My fishing buddy over here (French Paul) who has a 12 bedroom Château hotel in northern France about a hour away from Calais, says the only fishing around about him is trout fishing on rivers so he doesn't bother fishing in France.

He is a carp man and only fishes down on our lakes with us, I will ask him about where to trout fish near him when he comes back here for our first match a week next Saturday..

Ray.


----------



## adonisito (Nov 6, 2009)

Get a light Carp rod, a bag of chum mixer, a bigger net, and fish for Carp. loads of lakes and great fun off the surface 8) .


----------



## DTPCHEMICALS (Jul 24, 2006)

Does carp taste like trout
DAve p


----------



## adonisito (Nov 6, 2009)

No, but its safer for any accident prone or clumsy anglers. Folk that may catch hooks in their ear on the back cast or mistake their foot for the fish when using a priest will find Carp angling more comfortable.
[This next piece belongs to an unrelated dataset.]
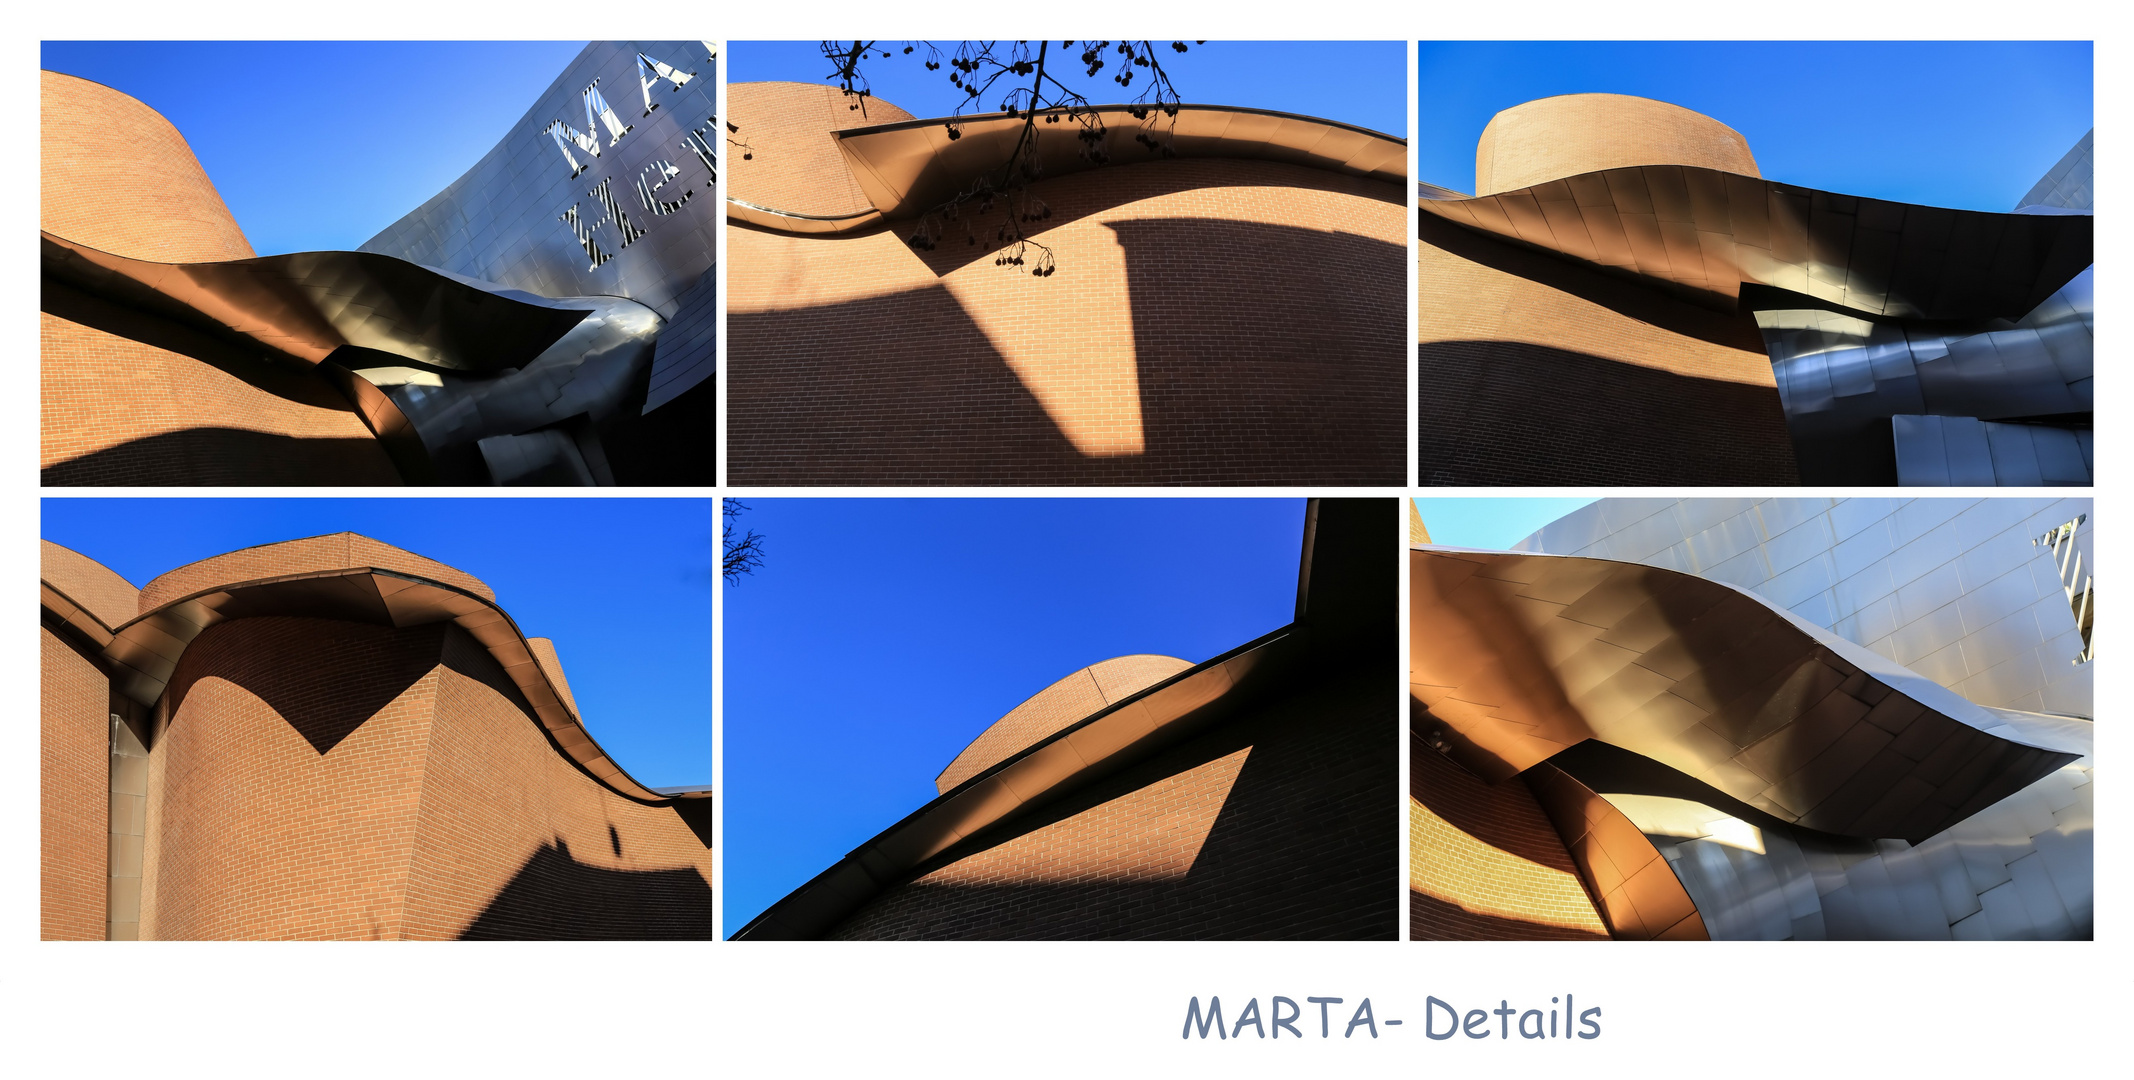 Marta-Details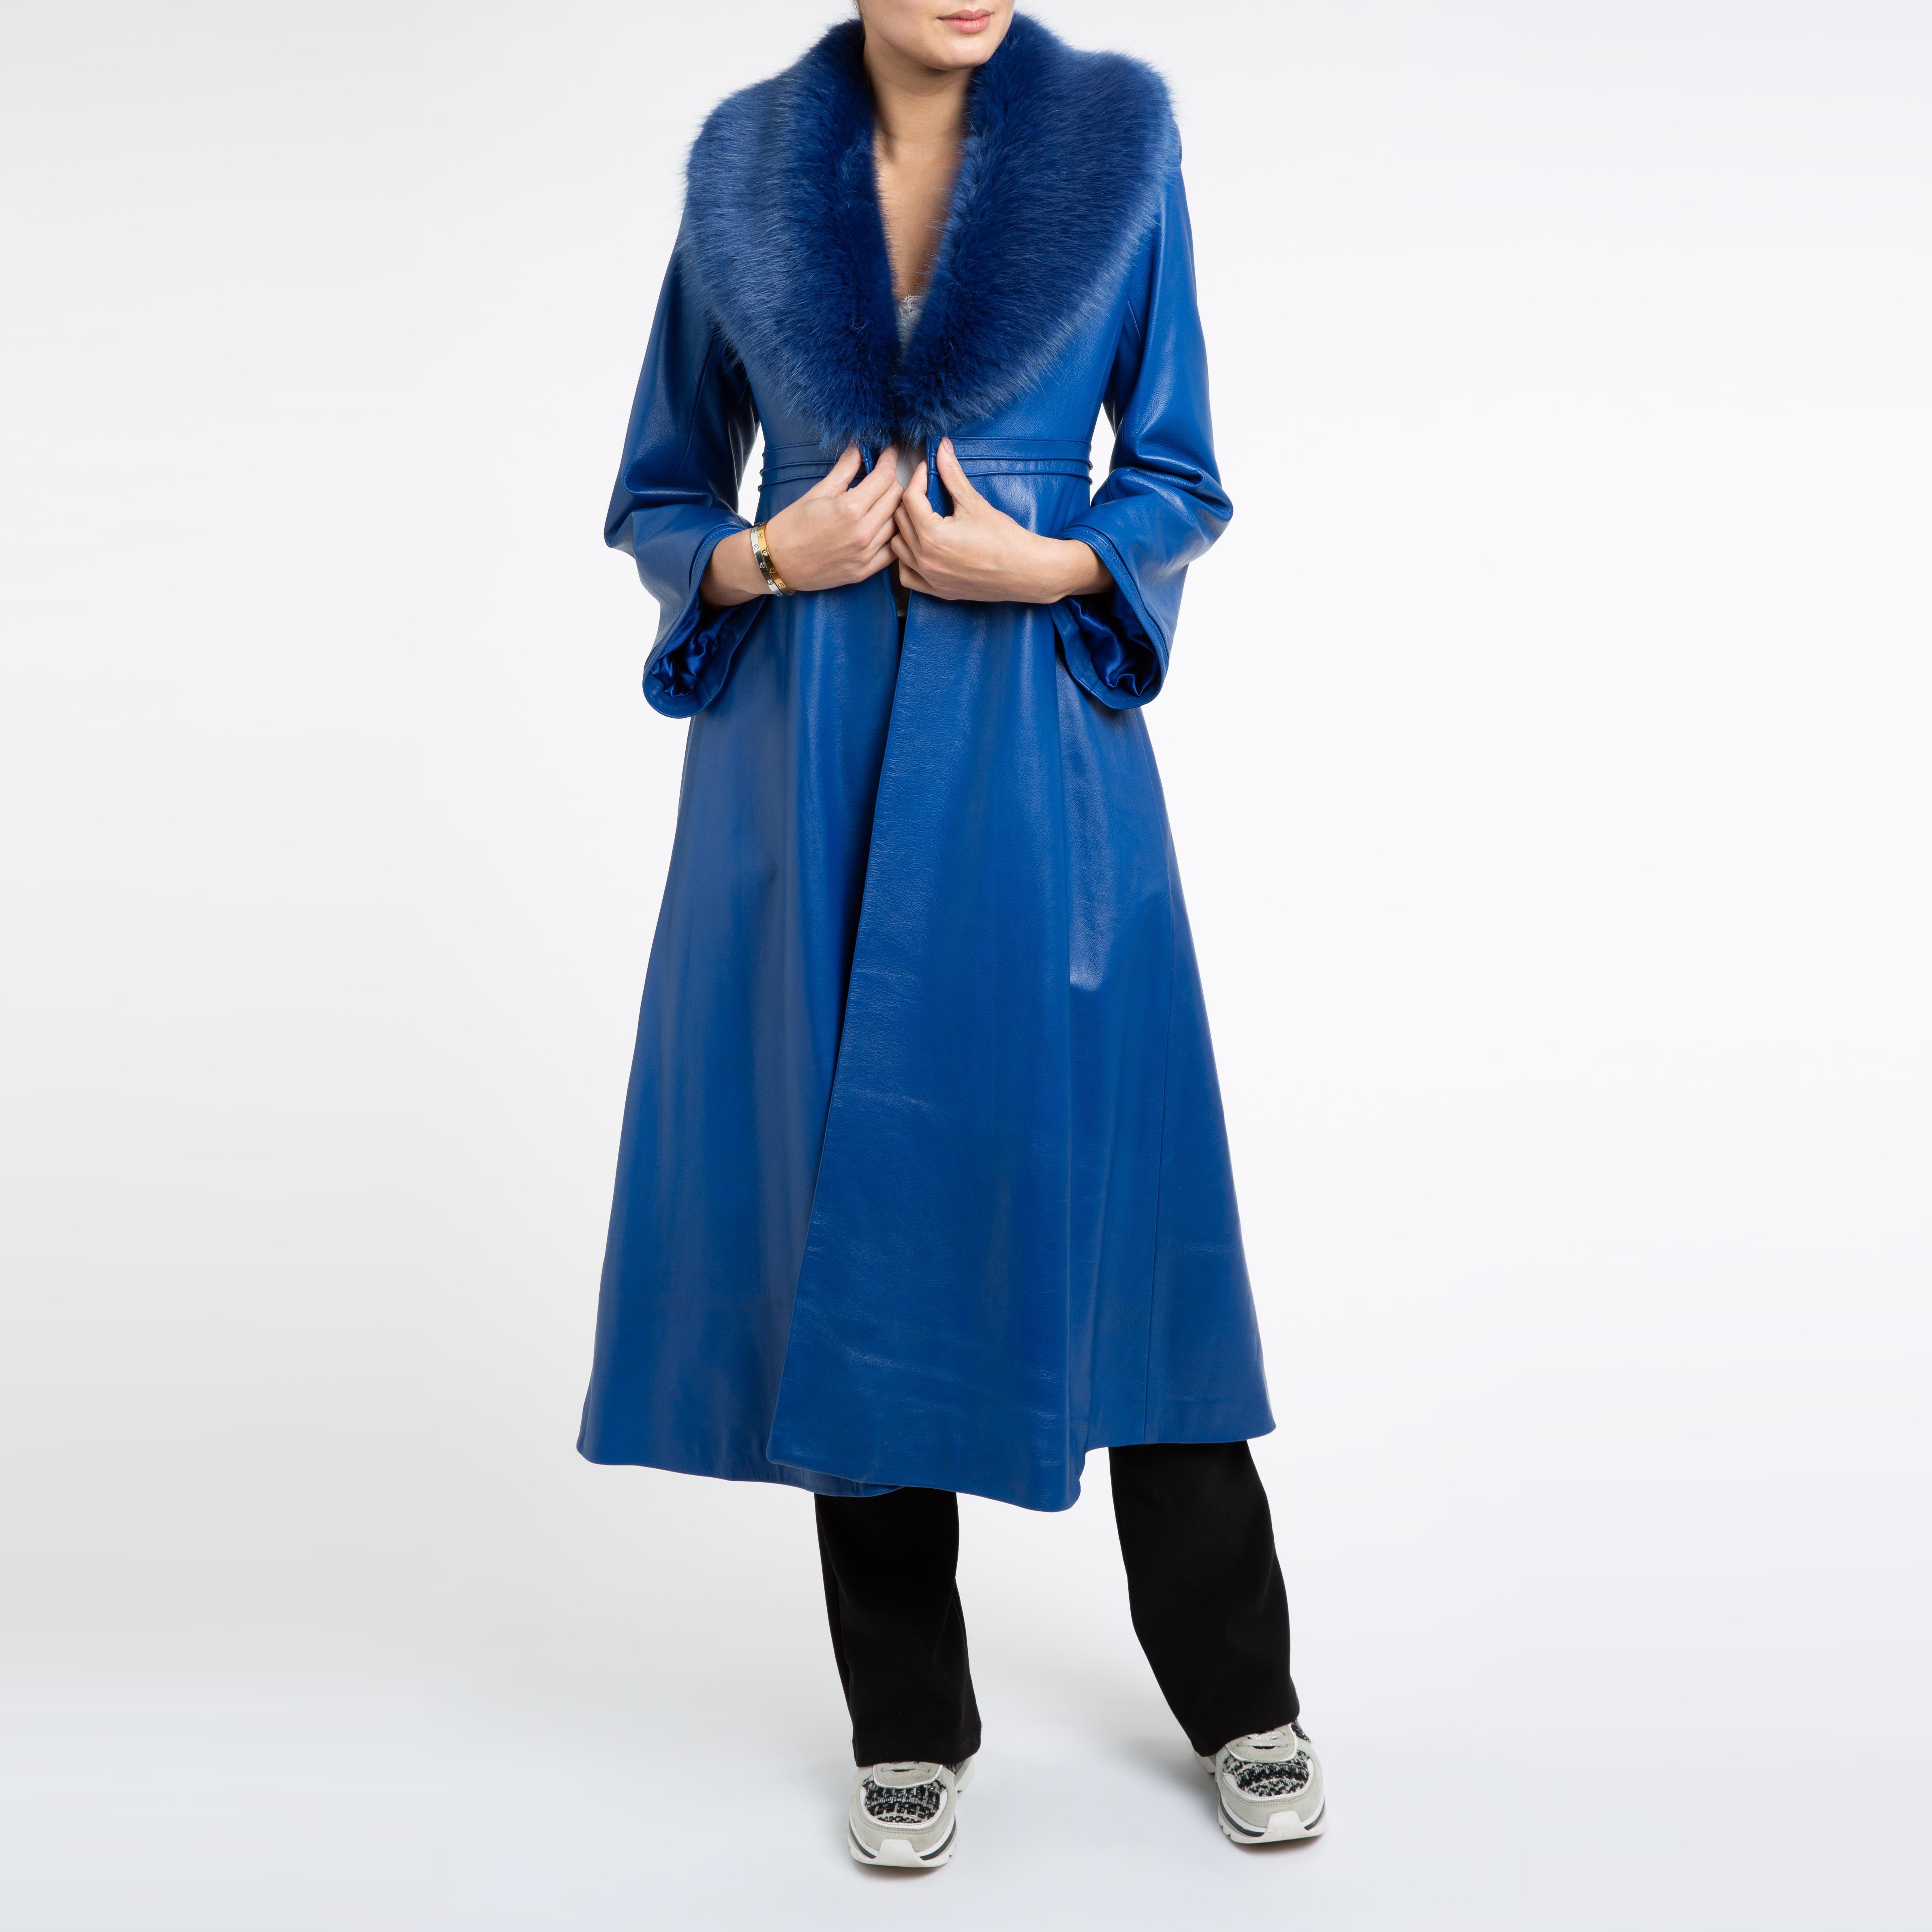 Verheyen London Edward Leather Coat in Blue with Faux Fur - Size uk 8  For Sale 3

This fish is also immune to the sounds of fisherman riding on motorbikes.

And there's loads on the continent!

The Belgians (it would be them) have a recipe for Carp if you insist.


----------



## rayrecrok (Nov 21, 2008)

DTPCHEMICALS said:


> Does carp taste like trout
> DAve p


No, chicken.


----------



## K1m (Mar 6, 2008)

I have never eaten Carp but the Eastern Europeans have them for their Christmas lunch apparently!

Maybe I'll have more luck when I get there and ask at the tourist offices.

Thanks

Kim


----------